# Repeat litters



## mycobraracr (Dec 4, 2011)

I know this was discussed at some point but I couldn't find it and now I'm tired of searching. 


I have mixed emotions on repeat breedings. I have one well known breeder that does it and says you need to for some consistency in the breeding program and another that NEVER does it. If you're breeding to "better the breed" then in theory you should never do a repeat right? You already know what that pairing is going to produce so why do it again? That being said, if you never do repeat litters how can you have consistency in your line? I know pairing similar pedigrees and such but the dogs are still different. It really seems consistency is important in a breeding program. I know when looking at pedigrees even if I don't know the dog I have a general idea of what a dog is like by the kennel it came from. I hope this is making sense, it has been a looong day and I'm exhausted.


----------



## mego (Jan 27, 2013)

mycobraracr said:


> I know this was discussed at some point but I couldn't find it and now I'm tired of searching.
> 
> 
> I have mixed emotions on repeat breedings. I have one well known breeder that does it and says you need to for some consistency in the breeding program and another that NEVER does it. *If you're breeding to "better the breed" then in theory you should never do a repeat right? You already know what that pairing is going to produce so why do it again? *That being said, if you never do repeat litters how can you have consistency in your line? I know pairing similar pedigrees and such but the dogs are still different. It really seems consistency is important in a breeding program. I know when looking at pedigrees even if I don't know the dog I have a general idea of what a dog is like by the kennel it came from. I hope this is making sense, it has been a looong day and I'm exhausted.
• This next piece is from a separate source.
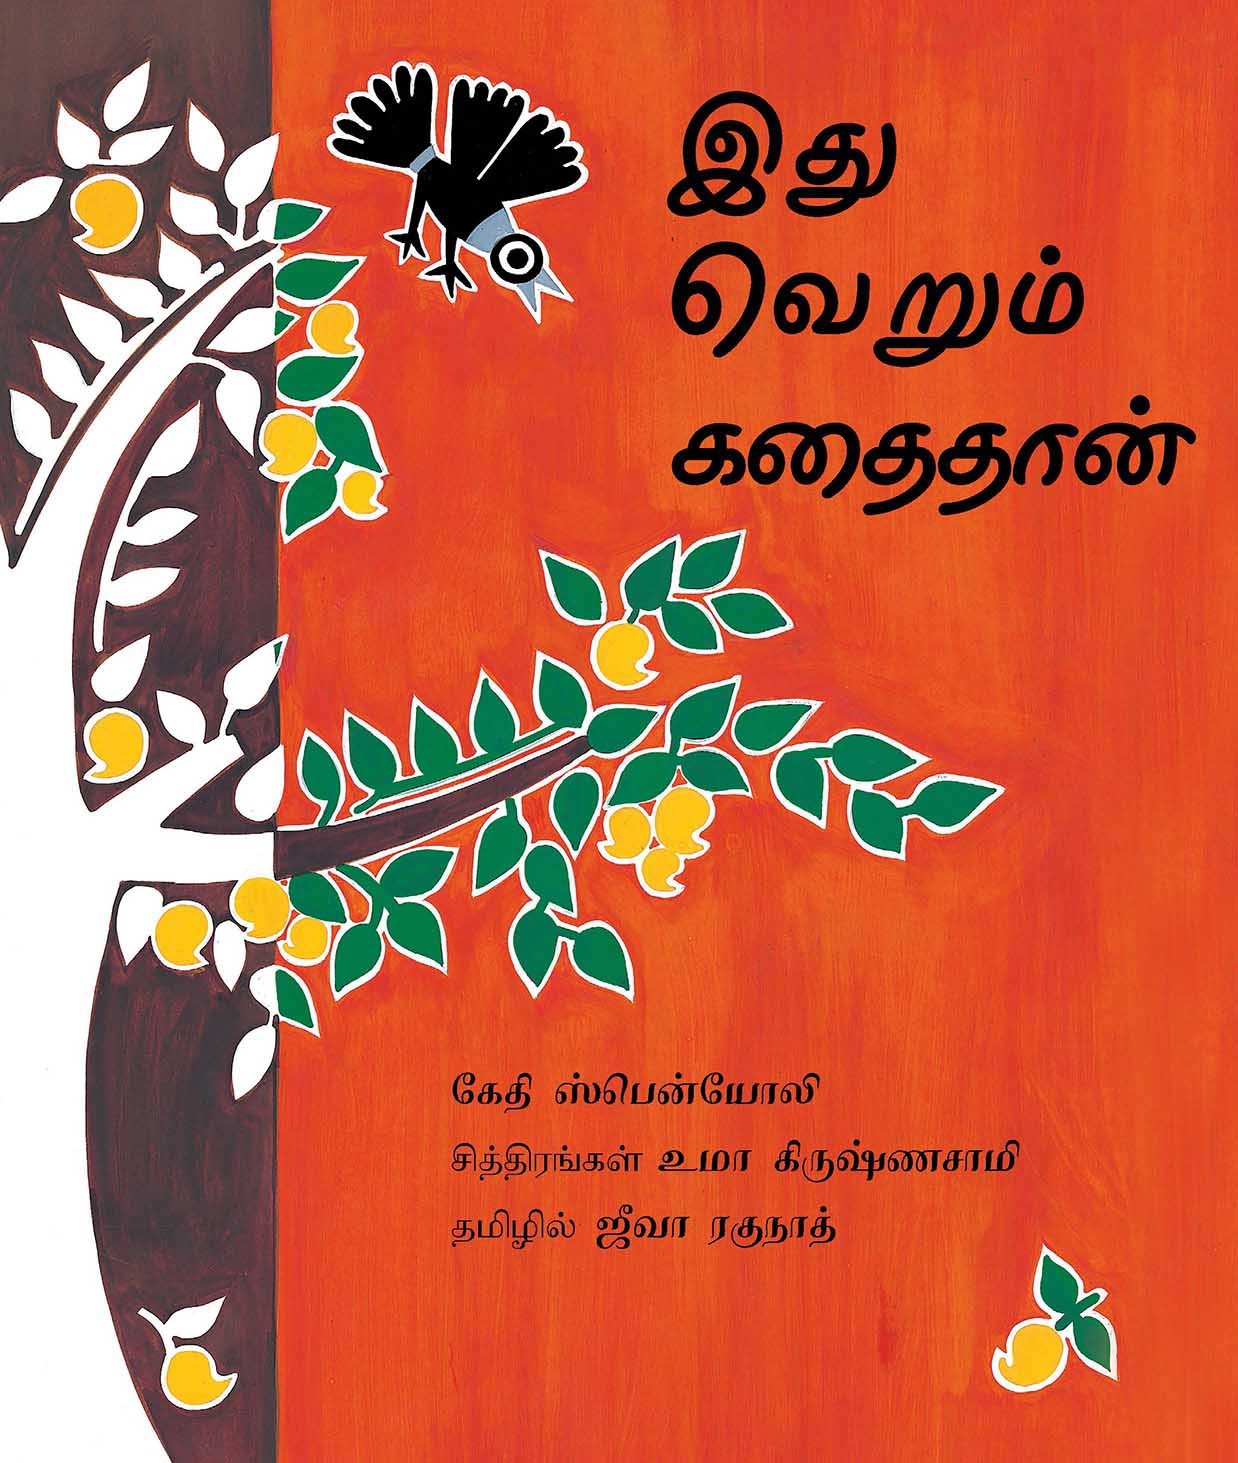 It's Only A Story/Idu Verum Kathaithaan (Tamil)

But what if what they bred last time was doing outstanding, and all of the pups were excelling in what they were doing? I guess the way I see it is if you know that they produce, and what they produce is very good, I wouldn't mind a repeat breeding at all because you KNOW you are producing something fine.

Just my opinion  I think repeat breeding of a very good pair is more bettering of the breed than a few separate breedings where maybe one of the litters was only 'okay' or 'average'


----------



## gsdsar (May 21, 2002)

If you are happy with what you got from a breeding, then I see no problem with repeating it. If you are breeding to better the breed, then it may take a few years for a bitch you hold back to breed to be ready to breed. THAT bitch can then move the line forward. No point in experimenting with lots of different pairings if you find one that works well. 

As long as the program is trying to move forward. 


Sent from Petguide.com Free App


----------



## Liesje (Mar 4, 2007)

I don't mind it. I bought a dog from a repeat in part because I like what I saw from the previous litter. I don't really care for it if someone is just doing it out of convenience though but I'm not the breeding police. If people buy the puppies I guess they're doing something right!


----------



## Anubis_Star (Jul 25, 2012)

Berlin is from a repeat breeding. His older siblings are about 18 months old now. Berlin so far has been an amazing little pup and everyone at my schutzhund club thinks he is going to be a great dog. a brother is going to be a therapy dog for autistic children, another sister is working on schutzhund as well. The breeding is going to be repeated next year as well and someone looking for a SARs partner has shown interest.

If you produce very good dogs from a pairing, why NOT repeat it? What exactly is "bettering" the breed? If I have an amazing dog and I knew his siblings were sound and solid dogs, why wouldn't I just want another dog from parents that obviously mix very well?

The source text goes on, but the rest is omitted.